Adjacency matrices, as co-occurrence square matrices, were exported by a code in NumPy and Panda libraries in Python (3.10.9, https://www.python.org/) (Python Software Foundation, 2023). Then, correlation matrices were generated as square matrices by SPSS (22.0, IBM SPSS Statistics, Armonk, NY, USA) (IBM Corp, 2013). Next, UCINet software (6, https://sites.google.com/site/ucinetsoftware/home) was utilized to measure the centrality and density of each cluster (Borgatti et al, 2002). Finally, an SD was created using Microsoft Excel (2016, Microsoft, Albuquerque, NM, USA) based on these metrics.
Factorial analysis is a statistical method used to analyze relationships between variables. Multiple correspondence analysis (MCA) is a type of factorial analysis; it is a multivariate statistical technique used to analyze relationships between categorical variables to identify patterns or trends in the data (Greenacre and Blasius, 2006).
One way to create thematic maps or thematic evaluations is by using clustering algorithms, such as the Walktrap clustering algorithm, a hierarchical clustering algorithm used to identify communities or clusters within a network. It is based on the idea that connected nodes are more likely to belong to the same cluster than unconnected ones. The algorithm works by iteratively merging connected nodes until a desired level of clustering is achieved. Thematic maps can provide valuable insights into the spatial patterns and trends within a particular theme or topic (Brusco et al, 2022). Fig. 2 indicates the schematic methodology, including steps, methods, and tools.
Fig. 2.
Schematic methodology.
Table 1 presents the main information collected from the WoS database for 13,662 publications published during a decade (2013–2023). There were 13,038 articles. Growth was expressed annually at 18.51% as a negative percentage rate. Based on Fig. 3, in the last 10 years, the number of publications slightly decreased from 2013 to 2015 and has increased dramatically since 2015. Moreover, the average number of citations received per paper (times cited) was benchmarked at 13.47. Each paper was written by four authors on average (4.92).
Fig. 3.
Annual scientific production.
| Description | Results |
| Sources (journals, books, etc.) | 556 |
| Documents | 13662 |
| Annual growth rate % | –18.51 |
| Document average age | 4.92 |
| Average citations per doc | 13.47 |
| References | 1 |
| Keywords plus (ID) | 8106 |
| Author’s keywords (DE) | 29403 |
| Authors | 31813 |
| Authors of single-authored docs | 723 |
| Single-authored docs | 823 |
| Co-authors per doc | 3.97 |
| International co-authorships % | 31.09 |
| Article | 13038 |
| Article; book chapter | 11 |
| Article; data paper | 5 |
| Article; early access | 239 |
| Article; proceedings paper | 364 |
| Article; retracted publication | 5 |
Table 2 presents the top 10 journals as the most relevant sources about KGs.

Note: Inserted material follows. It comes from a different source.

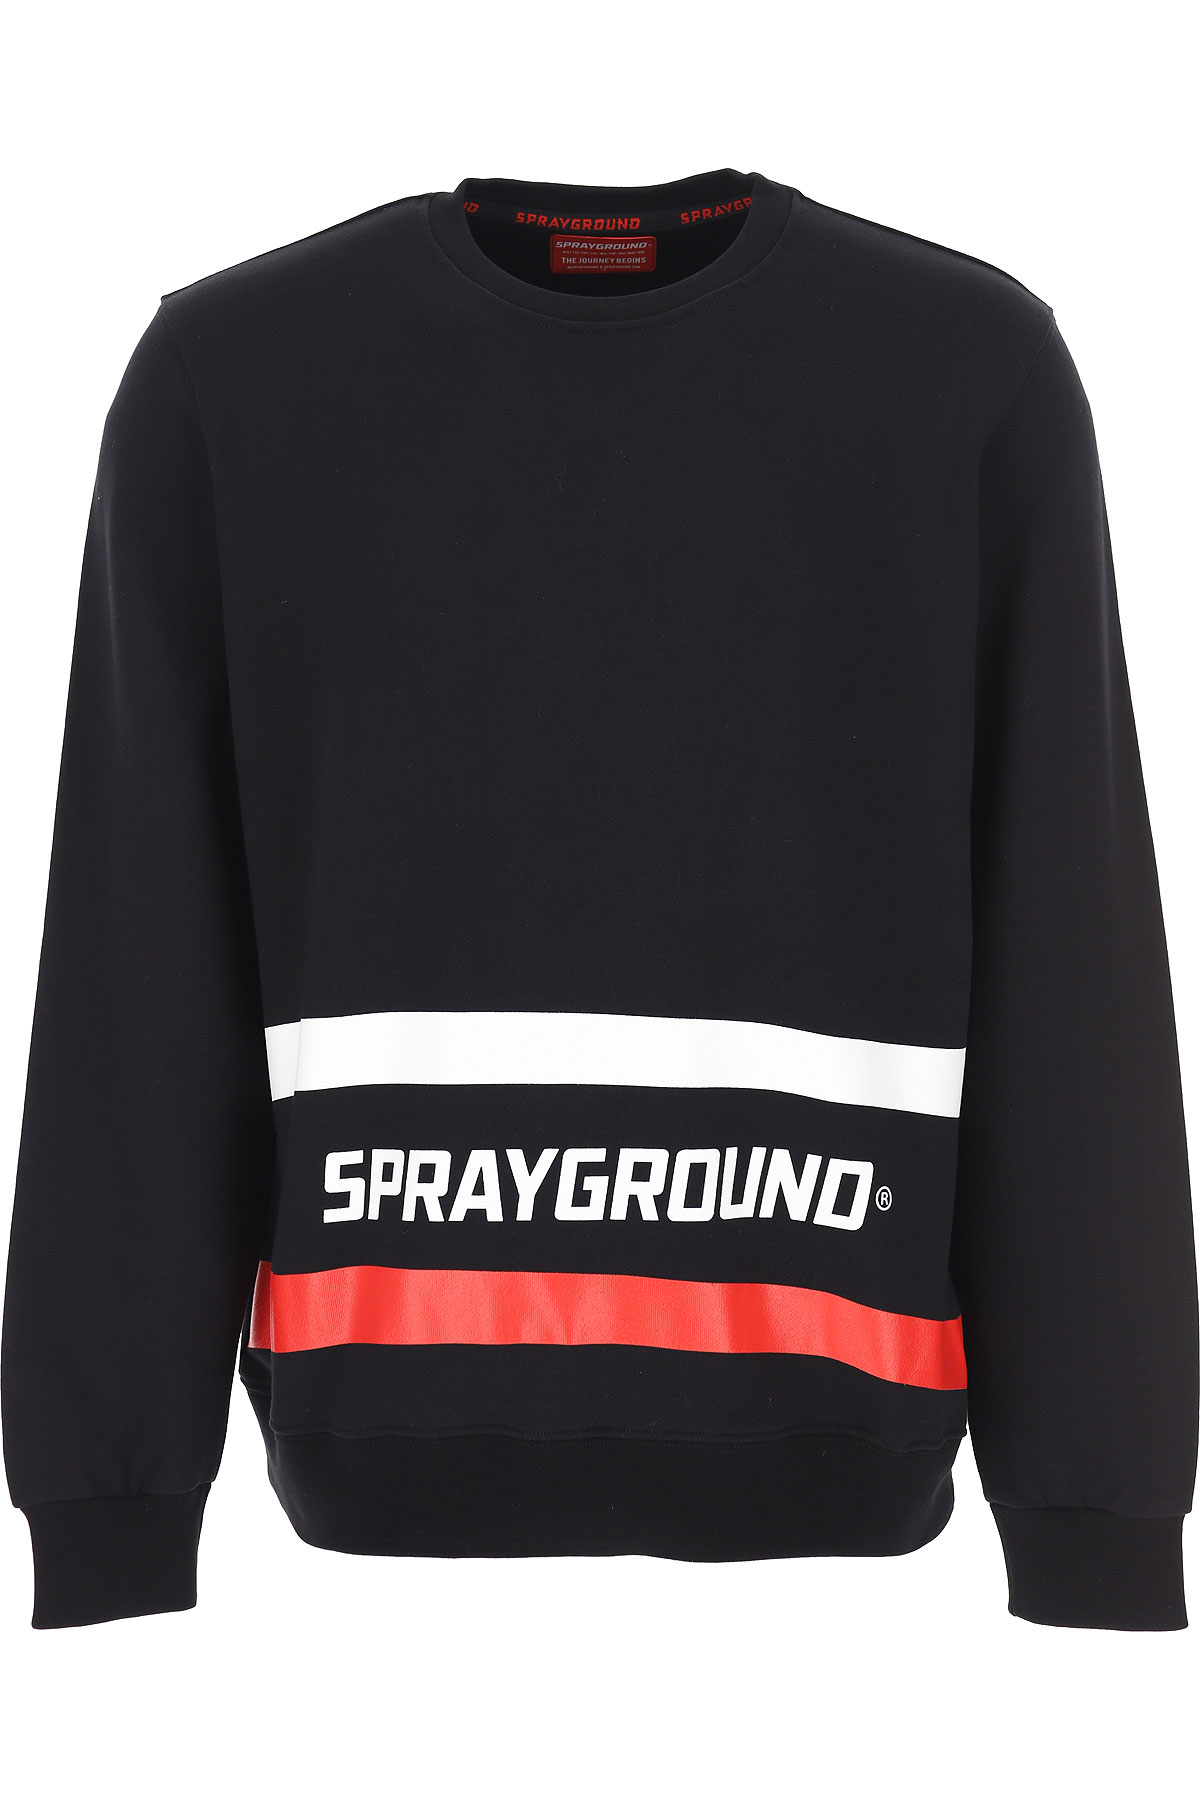 Mens Clothing Sprayground, Style code: sp163-black-

The IEEE ACCESS journal published 784 articles and ranked first.
| Sources | Articles |
| IEEE Access | 784 |
| Expert System Representations | 398 |
| Knowledge-Based System | 385 |
| Bioinformatics | 383 |
| Semantic Web | 349 |
| Journal of Biomedical Informatics | 257 |
| Journal of Web Semantic | 223 |
| Information Sciences | 183 |
| Multimedia Tools and Applications | 181 |
| Future Generation Computer Systems-The International Journal of Escience | 160 |
Between 2013 and 2023, an increase was observed in publications, particularly by IEEE Access, Expert System with Applications, Knowledge-Based System, Bioinformatics, and Semantic Web journals. Therefore, the journals have published a depth of knowledge and expertise on KGs and related subtopics. Fig. 4 depicts the sources’ publication over time.
Fig. 4.
Source growth.
Table 3 and Fig. 5 show the top countries’ publications. China ranked first (8313), followed by the USA and UK, respectively. Iran, a developing country, ranked 16th.
Fig. 5.
Scientific publications of countries.
| Rank | Country | Freq. |
| 1 | China | 8313 |
| 2 | USA | 4964 |
| 3 | UK | 1723 |
| 4 | Spain | 1629 |
| 5 | Italy | 1483 |
| 6 | France | 1376 |
| 7 | Germany | 1336 |
| 8 | India | 1154 |
| 9 | Australia | 1029 |
| 10 | South Korea | 838 |
Many citations were reported from China, the USA, and Spain, ranking first to third, respectively. All countries retained their leading roles as the top 10 countries in the citations. Table 4 presents the citations per country.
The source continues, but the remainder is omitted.